The summer associate, Barack Obama, arrives late on his first day, apologizing. He is tall and thin, but handsome, and has a big smile and a pleasing baritone voice. Although habitually relaxed, he does not enjoy small talk. He soon confirms rumors of his brilliance by writing a thirty-page memo that instantly becomes legendary within the firm. He is illogical in only one thing: he smokes. Michelle’s parents both smoked and quit only late in life, years after Michelle and Craig had tried in vain to explain how deadly the habit was.

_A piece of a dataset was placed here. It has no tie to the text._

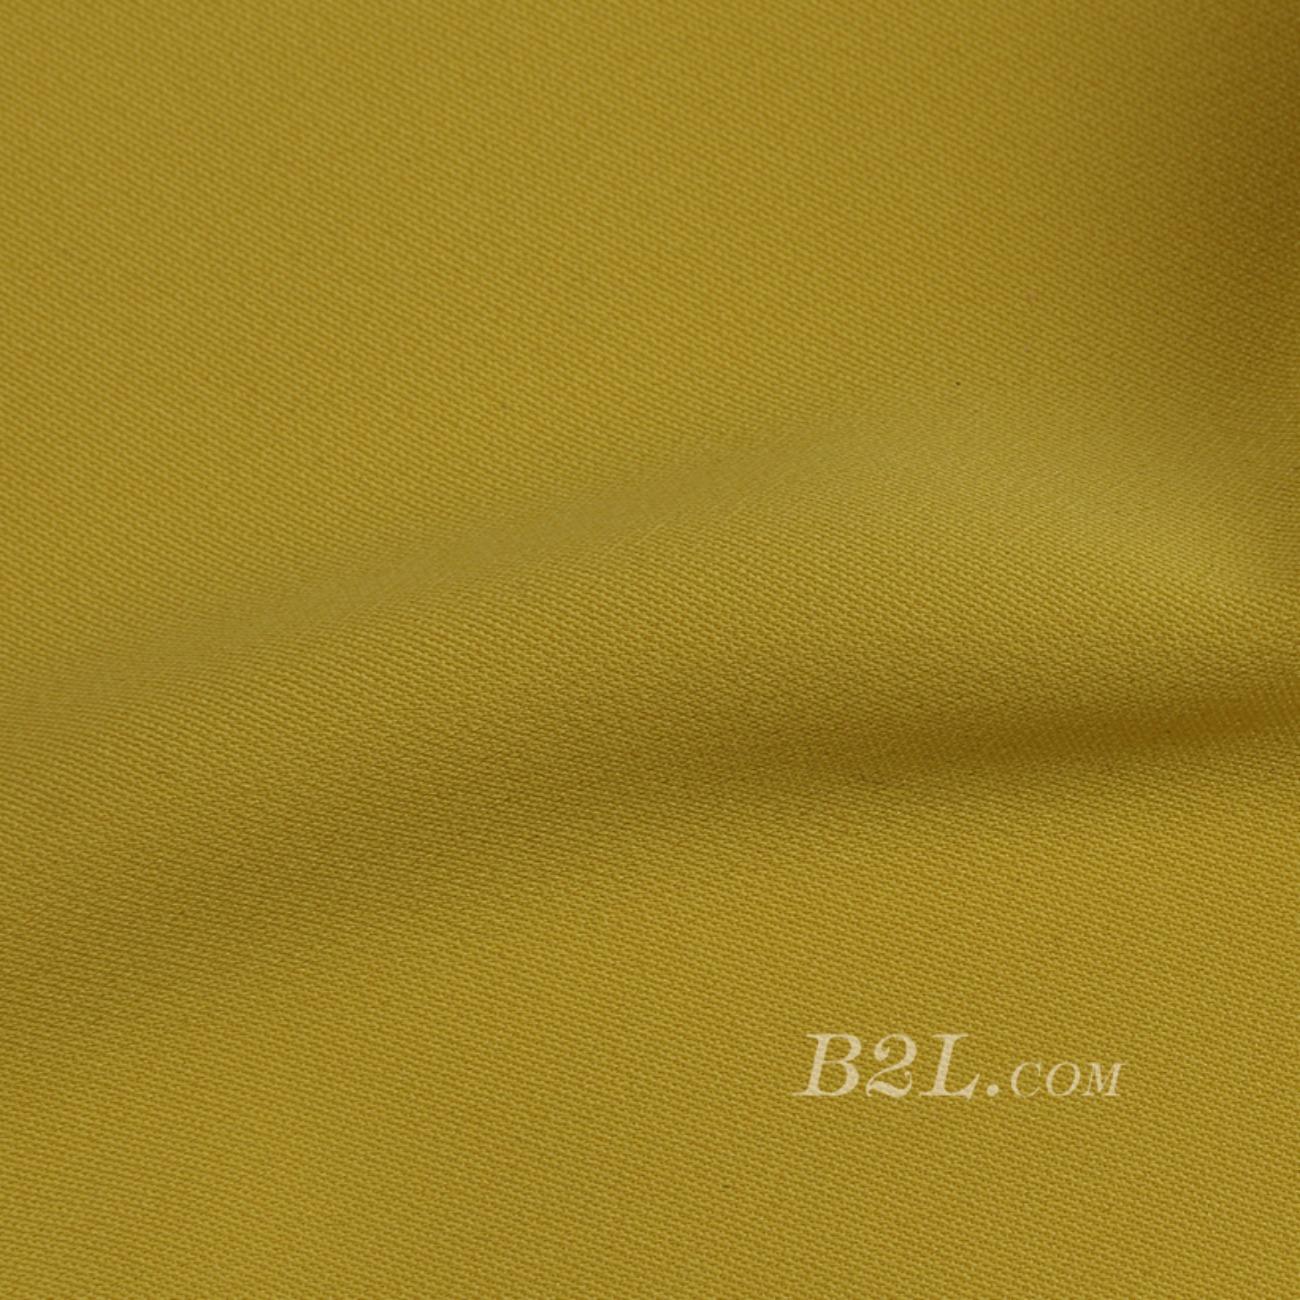 麻料 平纹梭织素色染色连衣裙 短裙 衬衫 无弹 春 秋 柔软 70703-8

Barack’s life trajectory has been less linear than Michelle’s, which is why he is still in law school despite being three years older than she. The son of a Black Kenyan father and a white mother from Kansas, he was born and raised in Honolulu but lived in Indonesia for four years. He started college in laid-back Los Angeles before transferring to Columbia. After graduation, he spent three years in Chicago as a community organizer. He is now studying law, he says, because he has realized that societal change requires changes at the level of government.
Michelle and Barack hit it off from the start. At a firm barbecue, she is impressed by his easy grace on the basketball court. Afterward, when he suggests a stop for ice cream and then asks for a kiss, she willingly leans in.

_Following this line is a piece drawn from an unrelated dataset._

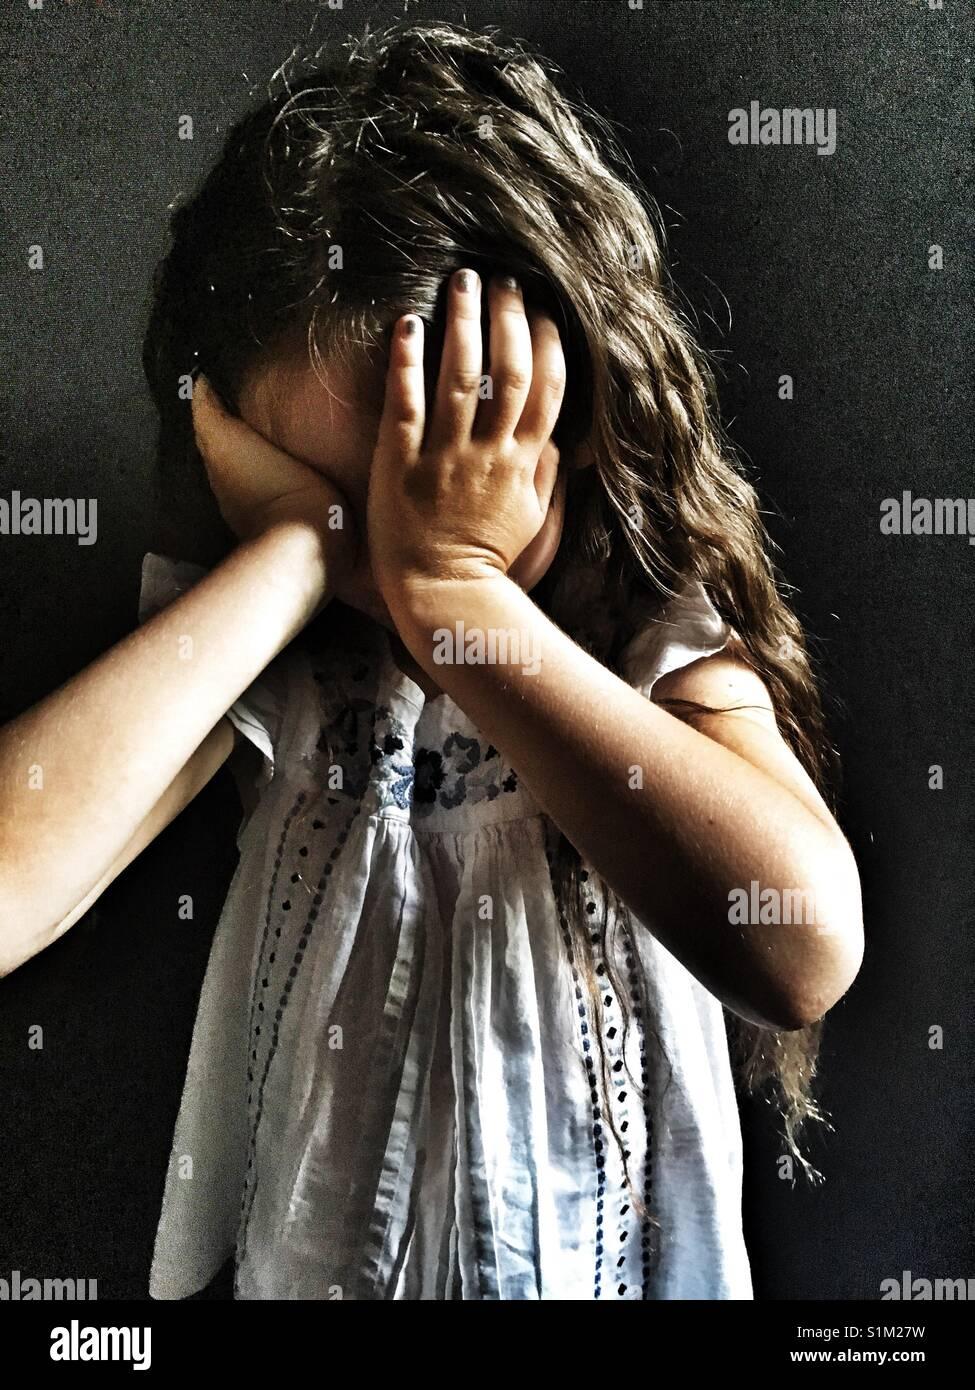 Upset child - Stock Image

The final chapters of “Becoming Me” highlight the motif of the contrast between orderly box-checking and laid-back swerving approaches to life. In her final years at Princeton, Michelle stays laser-focused on assessing her goals and their potential outcomes. In contrast, her impulsive and restless football player boyfriend Kevin decides to put his Princeton degree in his back pocket, defer his plans for medical school, and attempt to become a professional football mascot instead. Michelle fails to understand Kevin’s desire to pursue a job that is based purely on enjoyment rather than immediately taking the next step on the prescribed course that a Princeton degree can provide. As she graduates from Princeton and starts Harvard Law School without skipping a beat, she also realizes that the admiration she receives from others is intoxicating. It prevents her from seeing clearly in the moments of her life where she might have benefitted from a “swerve,” a change, to reassess her next steps or to recover from burnout she’s not even aware she is experiencing. As Obama describes each step toward her first job as a lawyer and the subsequent rewards, she switches to the second person. The effect is as if she is viewing the mechanical motions of her success through the removed lens of another person; perhaps, as someone who wishes she’d “swerved” more.

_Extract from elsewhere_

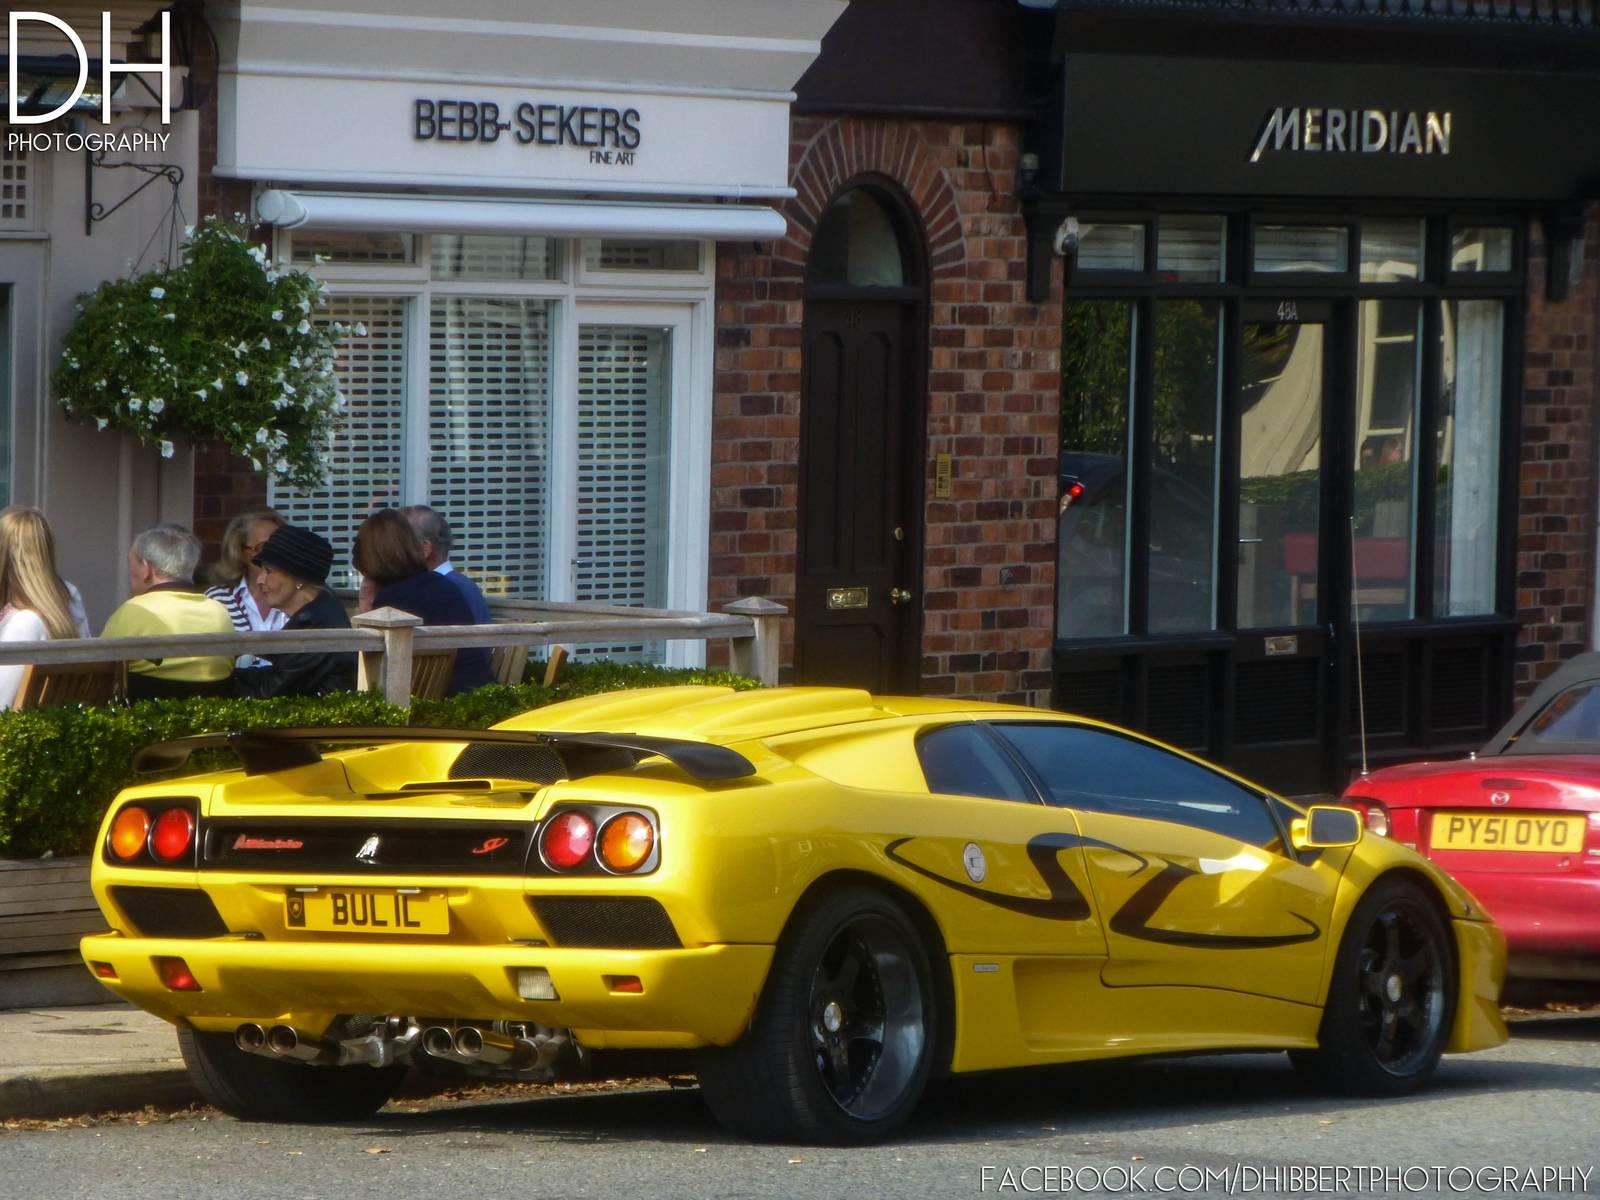 Giallo Orion Lamborghini Diablo Sv In Cheshire England Gtspirit

The contrast between box-checker and swerver continues into Chapter 7 as Barack Obama enters Michelle’s life. Obama’s inclusion of the detail that Barack was late on his first day as a summer associate at her firm introduces Barack as a figure who will challenge and perhaps upturn Michelle’s orderly life. Because of the winding path that Barack has traveled in childhood, as a student, and as a professional, Michelle wonders at his confidence and lack of doubt. Unlike Michelle, who is already developing skepticism about politics, Barack is an optimist who believes that politics can make a difference and bring about social change. As he settles in at the firm, Michelle notes how Barack’s easy-going nature is so different from the hungry and overachieving summer associate she had been. Though they have an easy connection, Michelle is still checking professional boxes and has little interest in a romantic life. Barack makes a strong case for why dating each other makes sense, and though Michelle resists, she finds herself analyzing whether or not a romantic connection with easy-going Barack makes sense. Her concession in allowing him to kiss her over ice cream is a swerve that will ultimately change the course of Michelle’s life.